Awards
- Bicentennial Medal - 2020
- Distinguished Professor (Emeritus) - 2002
- Guggenheim Fellow - 1986
James (Jim) Riley's eight books and dozens of articles represent a path from the esoteric world of eighteenth-century finance to a global history of health. In each area, he has been a pioneer, crossing disciplinary frontiers and finding insights in new places. A native of North Carolina, he received his B.A. and Ph.D. from the University of North Carolina, and taught at the University of Houston before coming to IU in 1975. He has received numerous fellowships and grants both here and abroad, and in 2002, his many contributions were recognized with promotion to distinguished professor.

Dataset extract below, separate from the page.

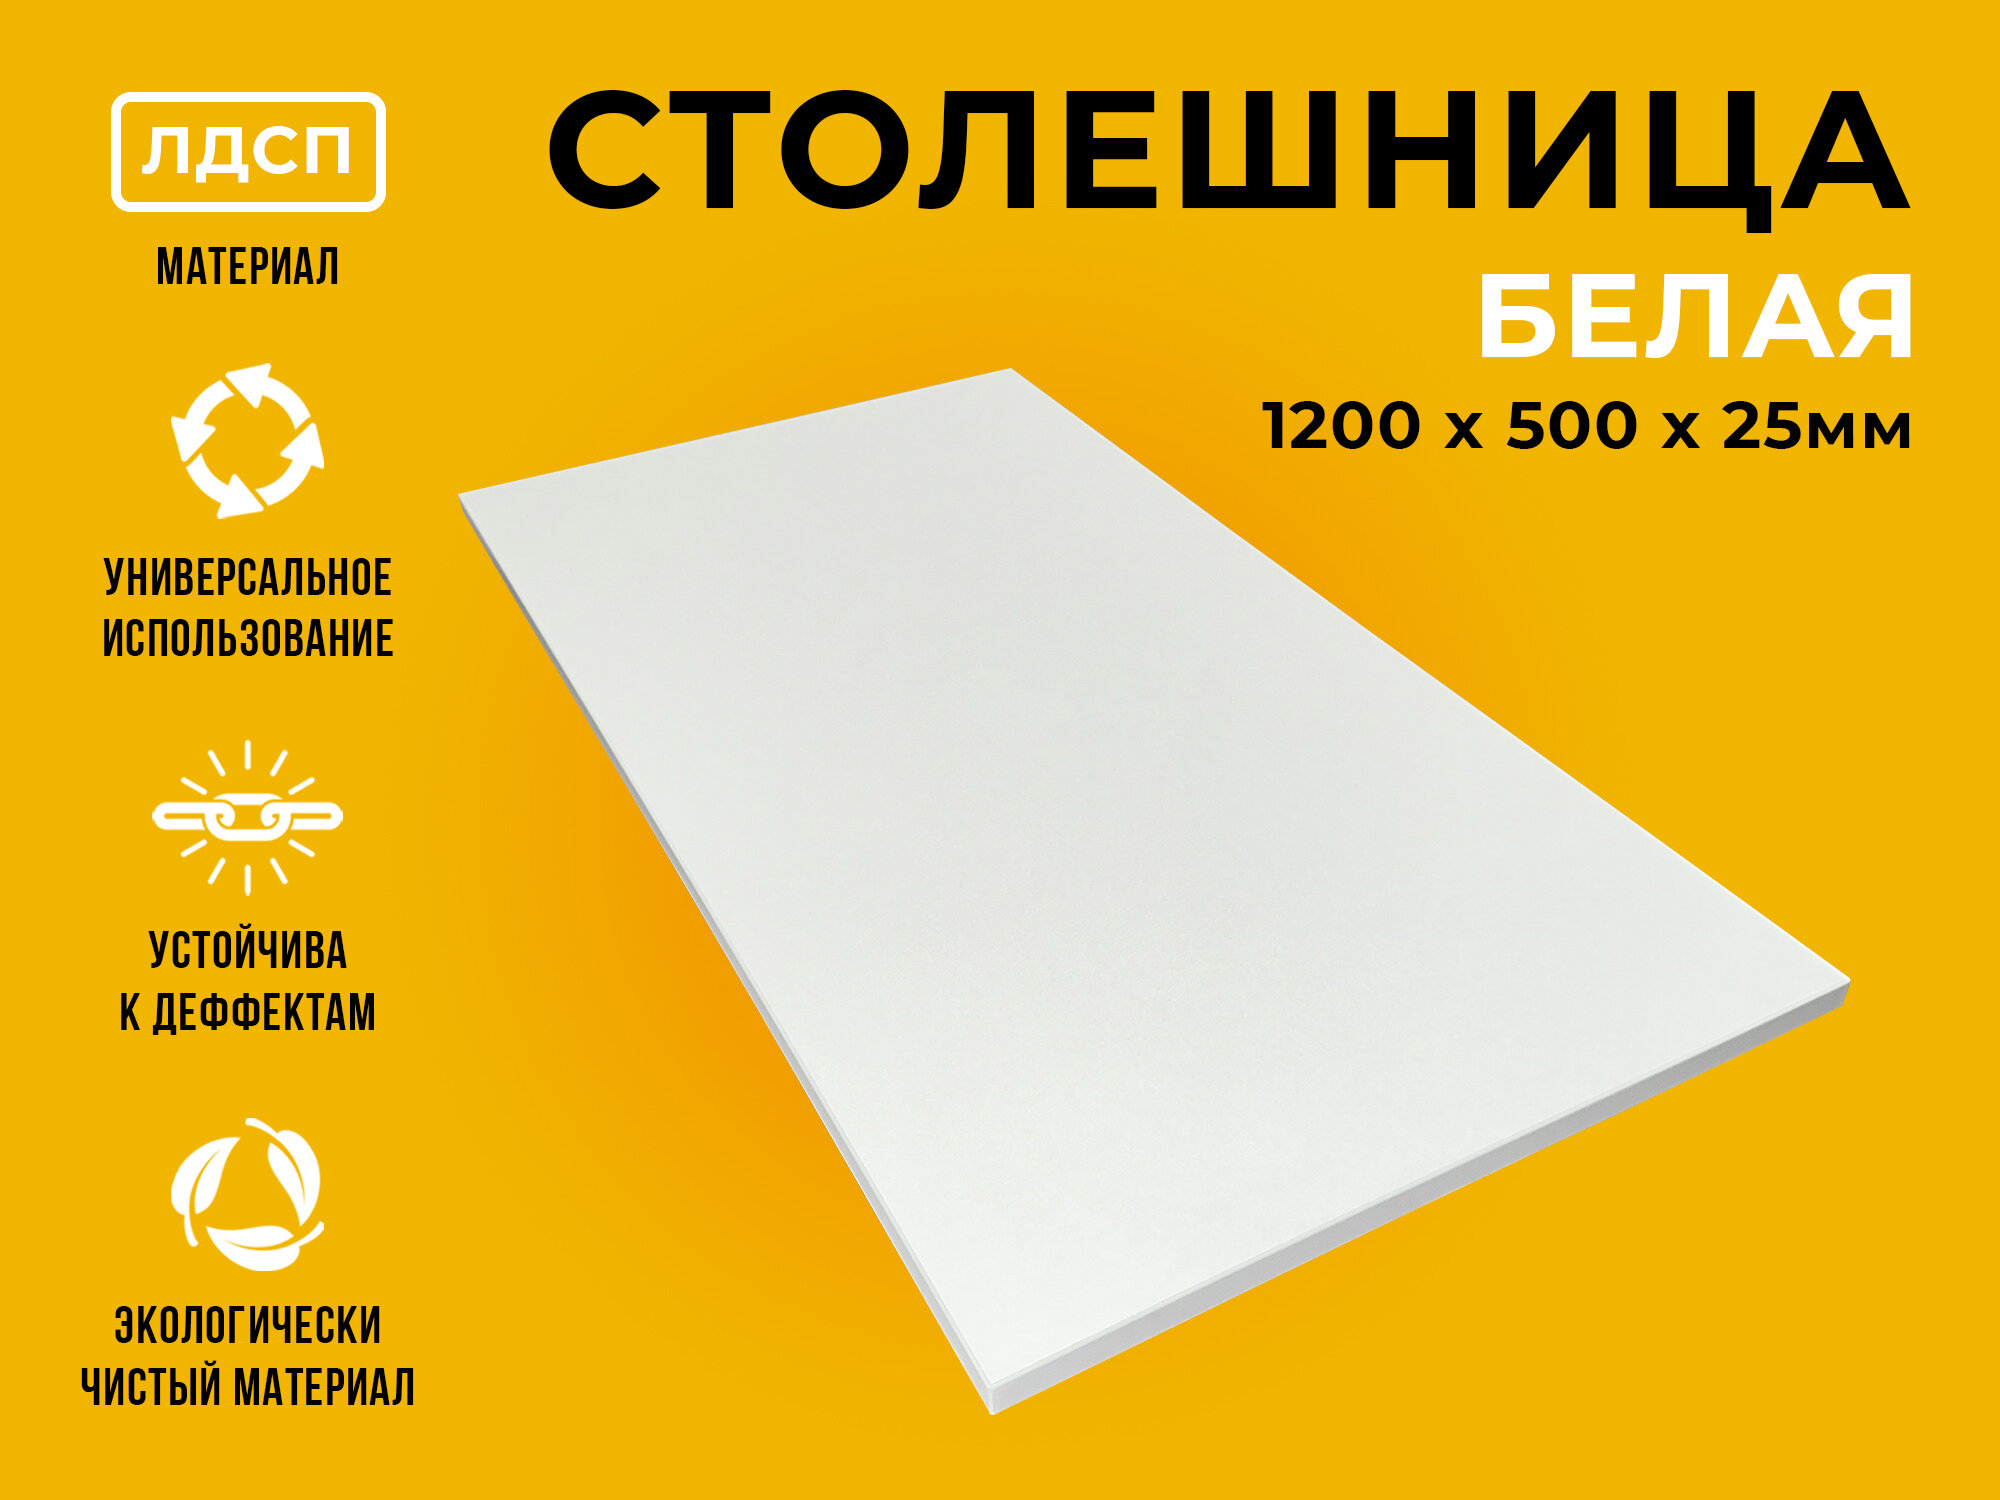 Столешница из ЛДСП 120х50х2,5 см, белый цвет, прямоугольная форма, 1 штука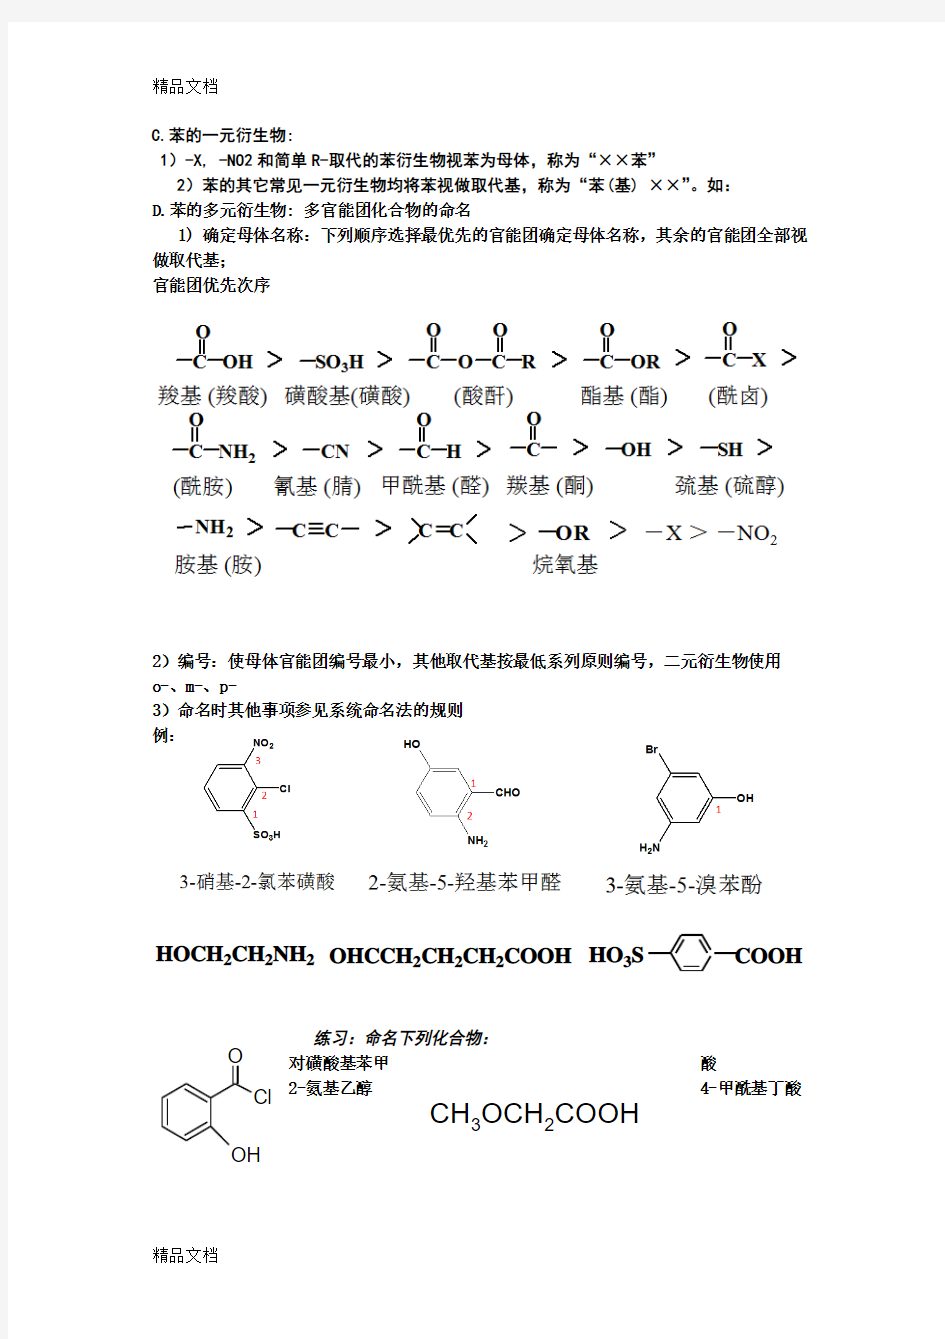 最新IUPAC系统命名法(完善版)资料

Riley began his career as a historian of public finance. His first book, International Government Finance and the Amsterdam Capital Market, 1740-1815 (1980), examines the emergence of an international capital market and its role in financing political and military competition between states. In the American Historical Review, economic historian Jan de Vries called this book "easily the most comprehensive history of the Amsterdam capital market to exist in any language . . ." and it remains so today.
Riley has been a strong advocate of a global approach in his teaching too. His course, The World Since 1945, was popular with undergraduates, and he offered courses on teaching world history to graduate students. Students in his course on the history of public health have learned how to use history to promote public health. Recent classes have published Internet guides, one of which, "Bioterrorism and Me," has been recognized by the Homeland Security Digital Library and the American College of Physicians.
Riley received the IU Bicentennial Medal in September 2020 in recognition of his distinguished contributions to Indiana University.